Outbreaks of disease caused by foodborne pathogens such as Salmonella, E. coli, Listeria, and others clearly have an enormous impact on public health. Unfortunately, effectively eliminating these ever-evolving bacteria from food processing plants can be difficult and costly. Despite rigorous controls put in place by experts at the U.S. Department of Agriculture and the U.S. Food and Drug Administration, we continue to see growth in the number of cases of food-related disease in the United States and around the world. Consider the following:

• Salmonella, a bacterium that causes one of the most common intestinal infections in the United States (salmonellosis) is implicated in more than one million cases of foodborne disease annually in the United States, according to a 2011 report. Of these cases, approximately 20,000 result in hospitalization and 378 result in death.
• Once regarded as a rare serotype, Escherichia coli O157:H7 (E. coli O157:H7) today is one of the major contributors to foodborne disease in industrial countries. It has been estimated that each year E. coli O157:H7 causes approximately 62,000 cases of foodborne disease and approximately 1,800 foodborne illness-related hospitalizations in the United States.
• Disease caused by Listeria monocytogenes (listeriosis) primarily affects pregnant women, newborns, and adults with weakened immune systems and has one of the highest fatality rates among all foodborne bacterial diseases.

Many available approaches for identifying foodborne pathogens are sufficient and accurate when used correctly. However, associated time lags and/or potential for human error when facilitating the tests can compromise the test results, as can a company’s ability to respond in a manner expedient enough to avoid outbreaks. For instance, results obtained from traditional microbiological culture techniques can only be obtained within three to five days. Additionally, test performance and accuracy can be negatively affected by the number of lab technicians and other specialists physically handling the samples.

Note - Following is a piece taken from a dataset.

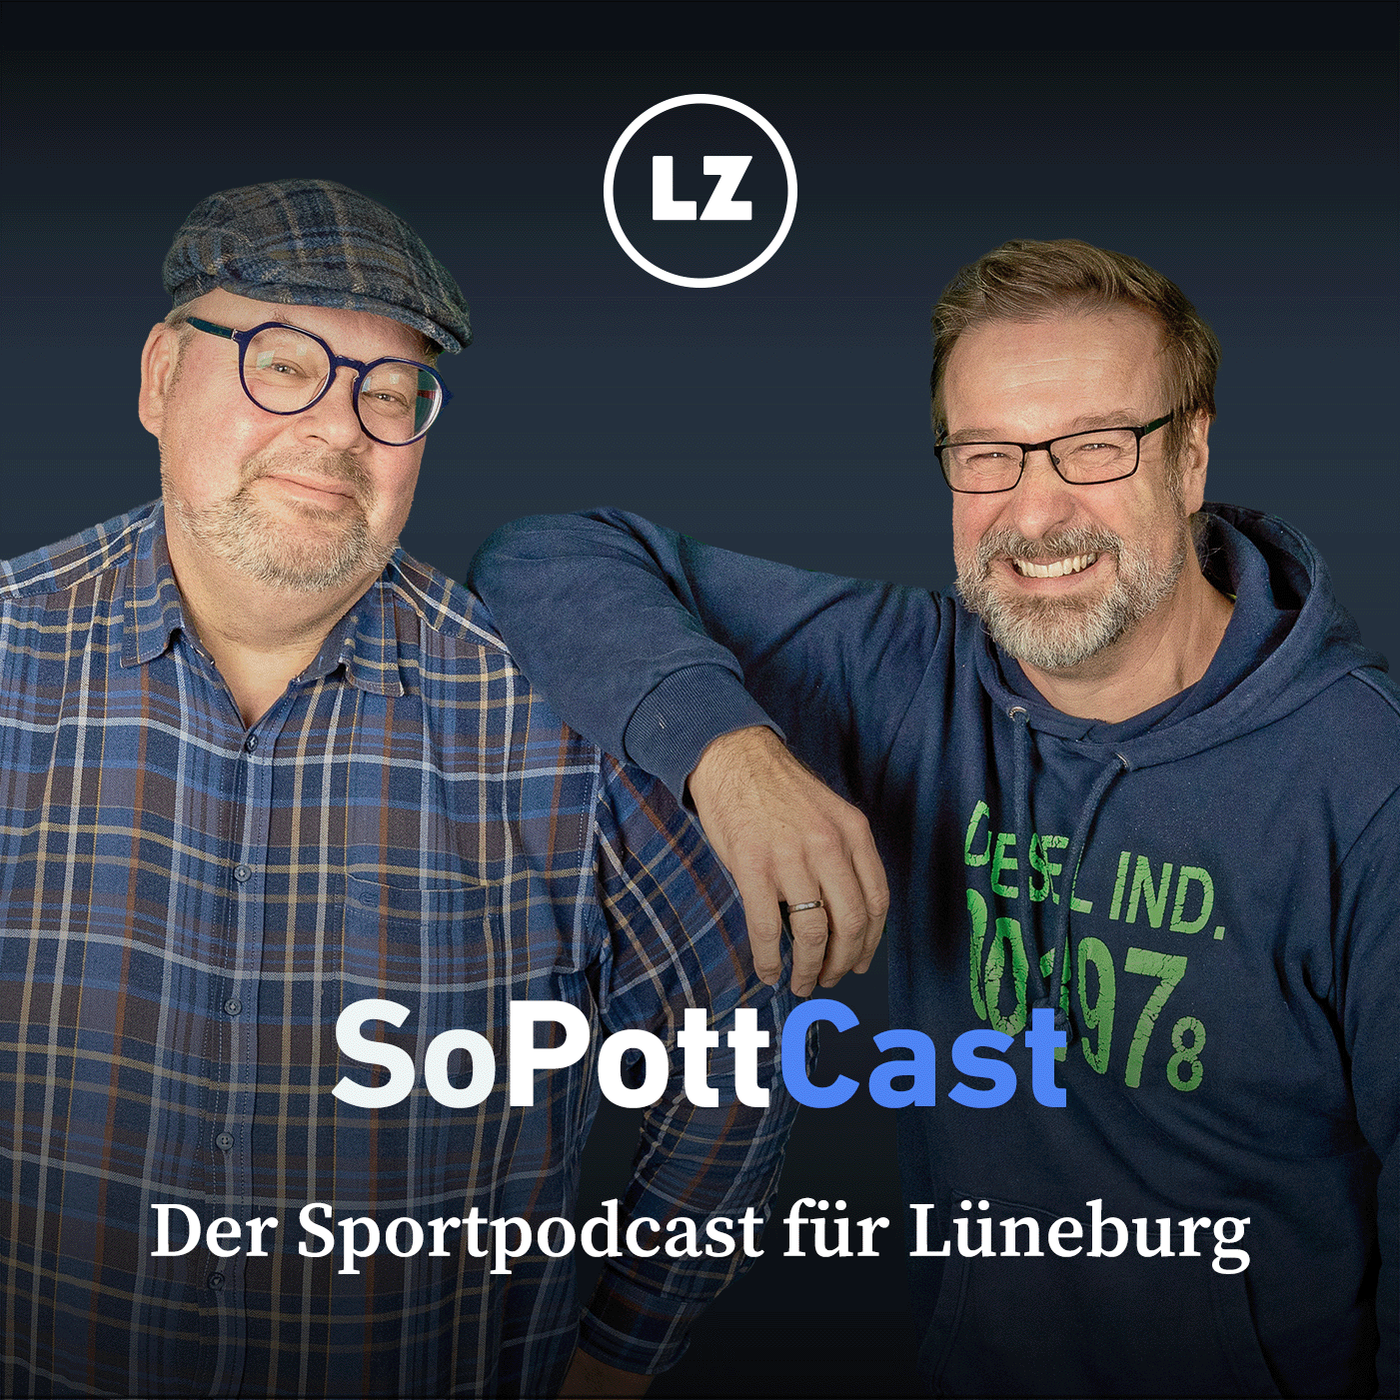 SoPottCast - Der Sportpodcast für Lüneburg

Other technologies, including DNA-based polymerase chain reaction assay, immuno-assay, and immuno-latex agglutination, have been developed to address some of these issues and, in most cases, can obtain results within 48 hours. Faster detection, however, is necessary to better manage and prevent outbreaks by stopping the distribution and consumption of infected food more quickly.

Bacteriophage Technology

Detection methods utilizing bacteriophages (phages) can allow food producers to rapidly detect any bacterial pathogens present in their products. These methods also provide an effective means to significantly reduce or prevent contamination of foods with specific pathogenic bacteria, thereby eliminating the risk, or significantly reducing the magnitude and severity, of foodborne illness caused by the consumption of foods contaminated with those bacteria.